Running one-sample t-test in SPSS statistics

Analysis of one sample t-test in SPSS

The test is used to determine whether the sample data comes from a population with a specified mean. The one-sample t-test applies to situations where the population standard deviation is not known, although it is expected that the distribution of the data should be approximately normal. This population mean is always hypothesized as it is always not known. Before conducting data analysis using any statistical procedure, it is important to know the assumptions that are associated with the test. The assumptions that must be met by your data before conducting your analysis using a one-sample t-test are as follows. 

Assumptions for a one-sample t-test

Assumption 1: The outcome variable should be measured at the ratio or the interval ratio. That is, the variable should be on a continuous scale. 

Assumption 2: Each observation should be independent of any other observation. i.e independence of the data. 

Assumption 3:  There should be no significant outliers in your data. 

Assumption 4:  The distribution of your observations should be approximately normal. 

Example and setup of one-sample data in SPSS

For a one-sample t-test, there will only be one variable, to be entered into the software. 

In this case, we would wish to test whether the average depression scores of the sampled students is equal to the national average of 4.0. To do this we recruit 40 participants to take part in the study. The data has been entered in SPSS. 

One-sample t-test step by step analysis in SPSS

Step 1:  Click Analyze > Compare Means > One-Sample T-Test as shown in the screenshot below. 

The variable for the depression score has been recorded. 

Step 2: In the one-sample t-test dialogue box presented, transfer the variable to the test variable box, and enter the population value you are comparing with the sample data to the Test value box.  as shown in the image below. 

Step 3:  Click on options in you would wish to construct a 95% confidence interval and enter 95% in the box. 

 

Last step: Click continue and click okay to get your output. 

The output, including the descriptive analysis, will be as shown below. 

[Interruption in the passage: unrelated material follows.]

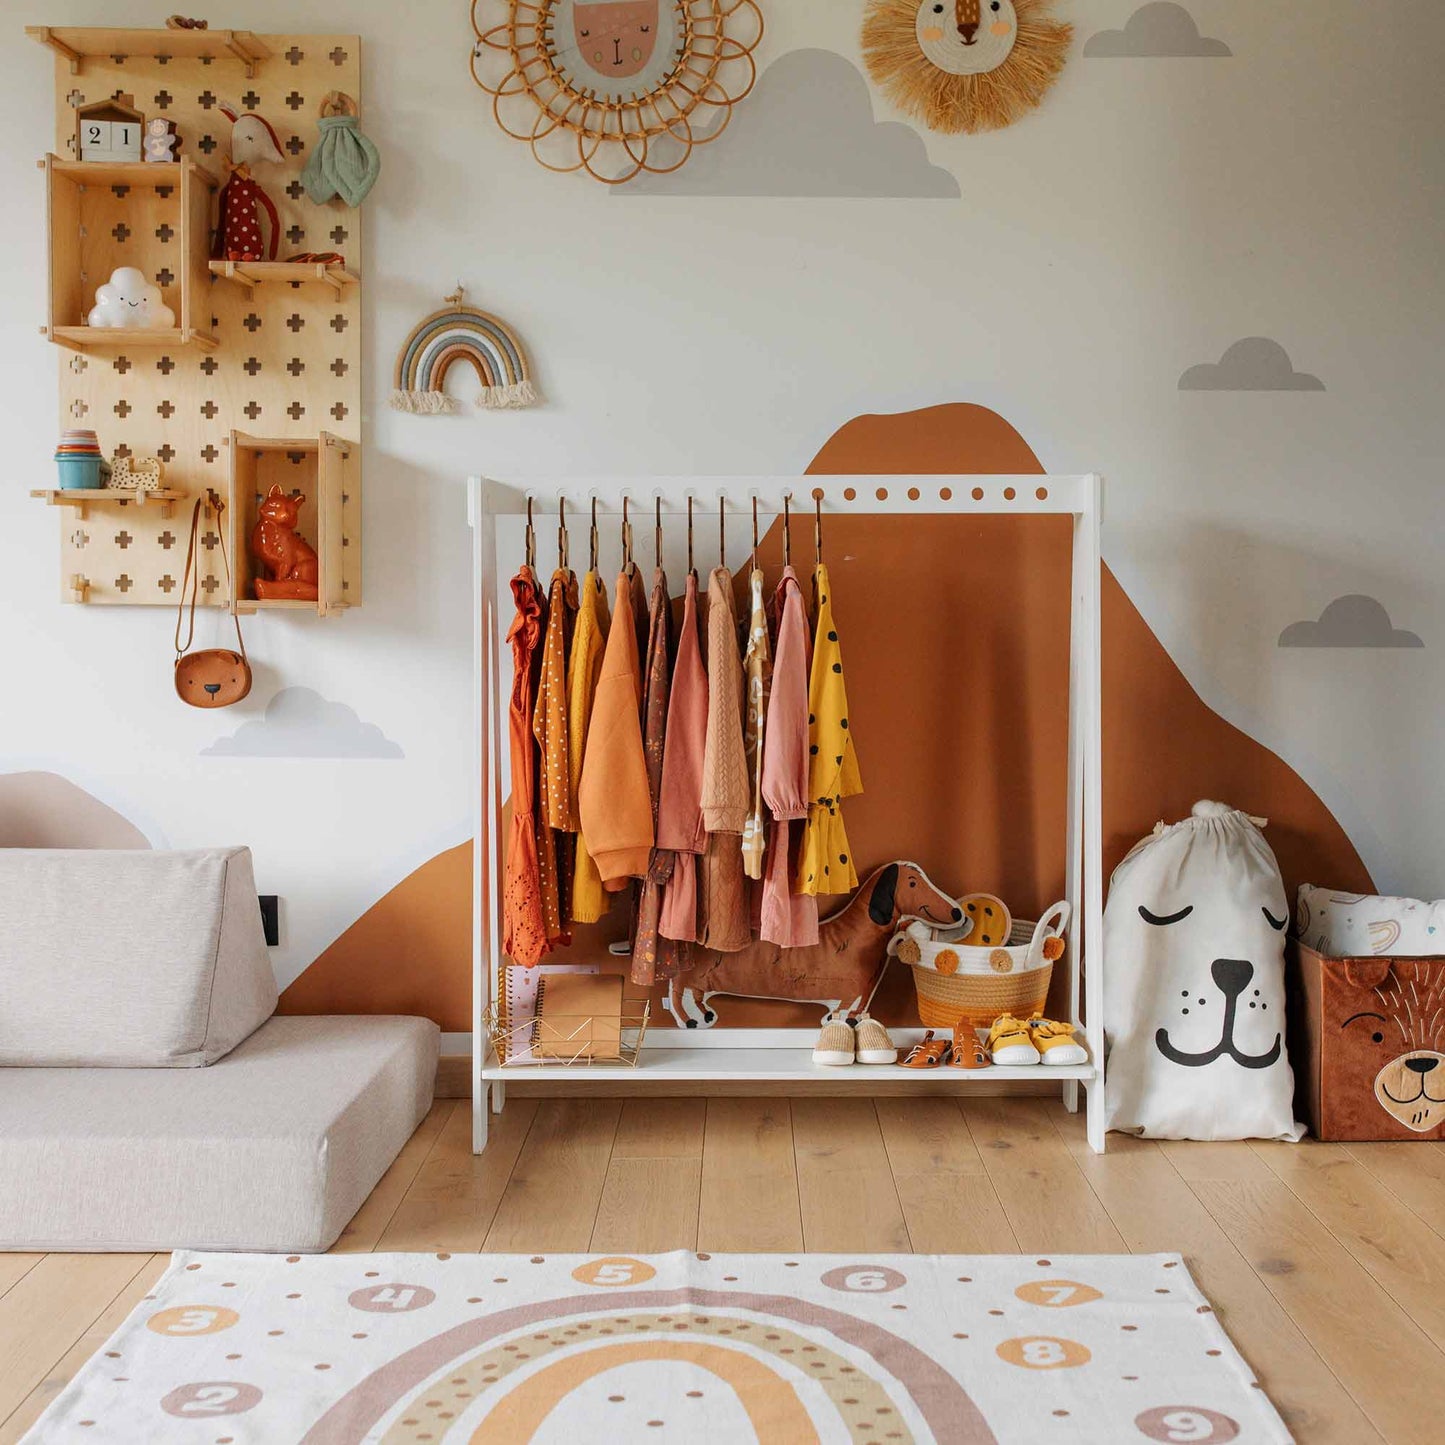 A children's room with an A-frame kids' clothing rack holding various kids' garments, animal-themed decor, a couch, and toy storage on a wooden floor. The wall features cloud and animal illustrations.
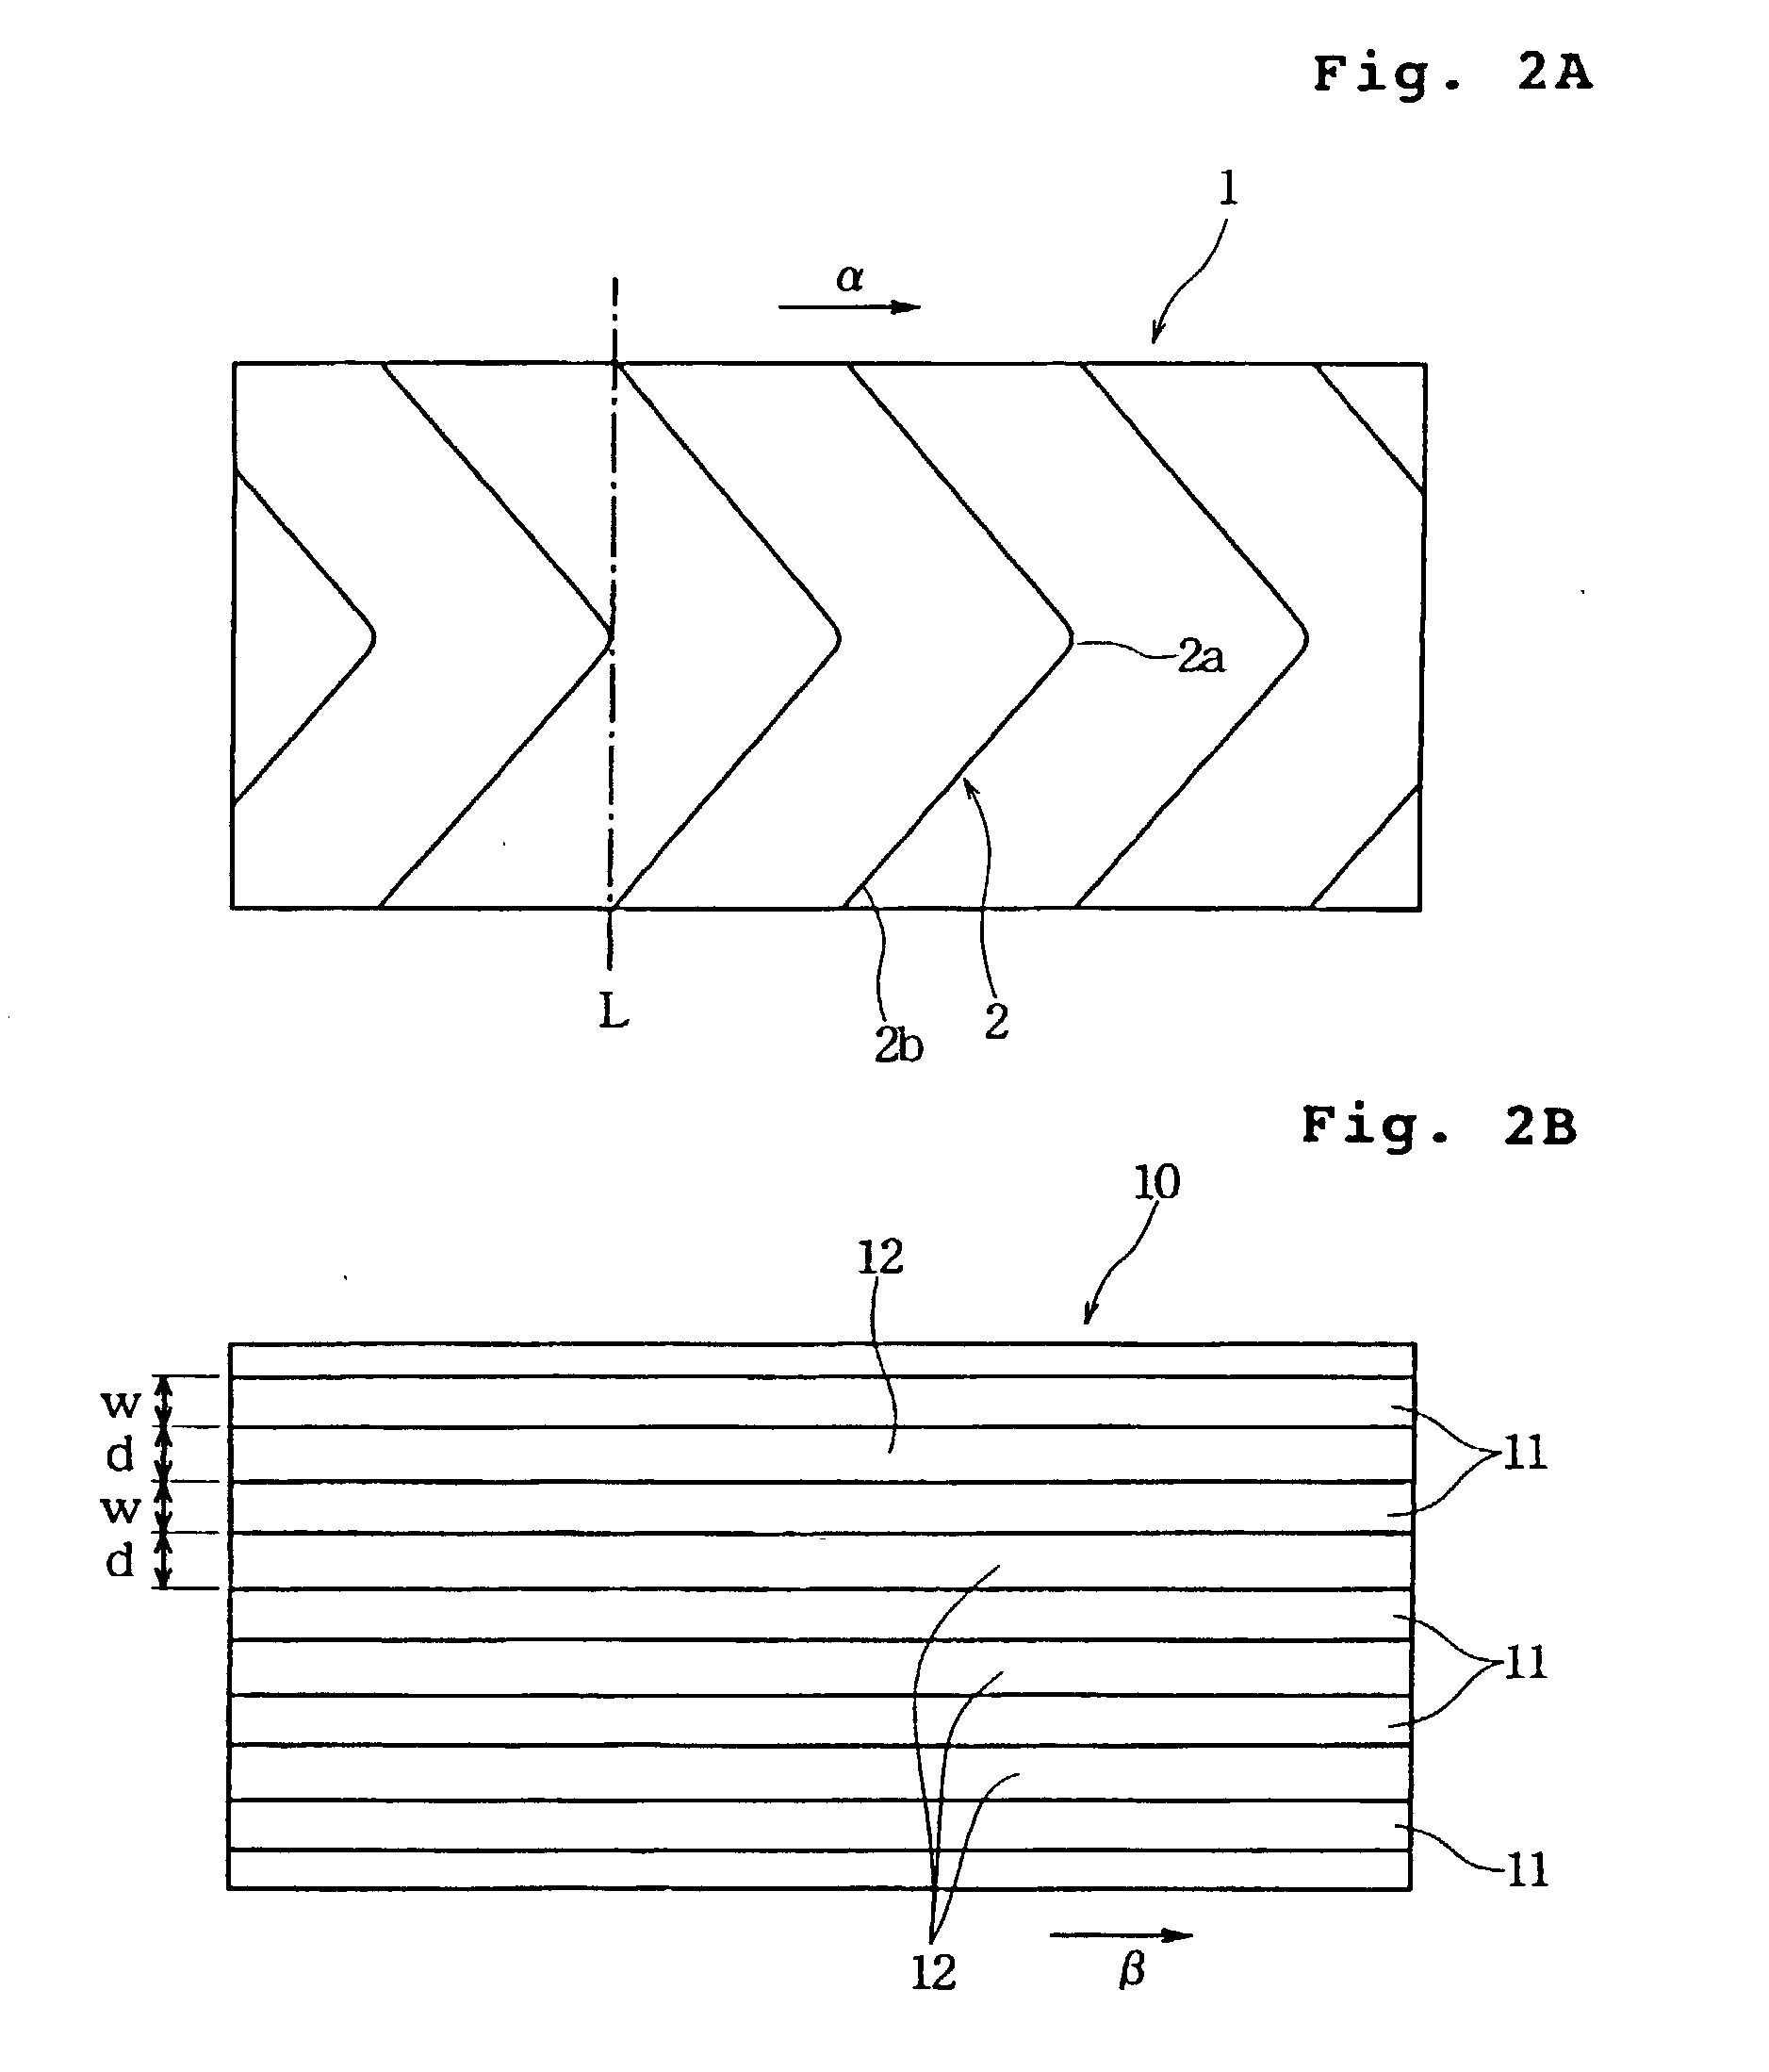 Method for forming cut lines in sheet

you can make an initial interpretation of the data using the One-Sample Statistics table, which presents relevant descriptive statistics:

It is more common than not to present your descriptive statistics using the mean and standard deviation ("Std. Deviation" column) rather than the standard error of the mean ("Std. Error Mean" column), although both are acceptable. You could report the results, using the standard deviation, as follows:

Mean depression score (3.72 ± 0.74) was lower than the population 'normal' depression score of 4.0.

One-sample t-test table

 

Note that, the p-value indicates the probability of obtaining the observed t-value if the null hypothesis is correct.

Reporting your results.

Depression score was statistically significantly lower by a mean of 0.26, 95% CI [0.04 to 0.51], than a normal depression score of 4.0, t(39) = -2.381, p = .022.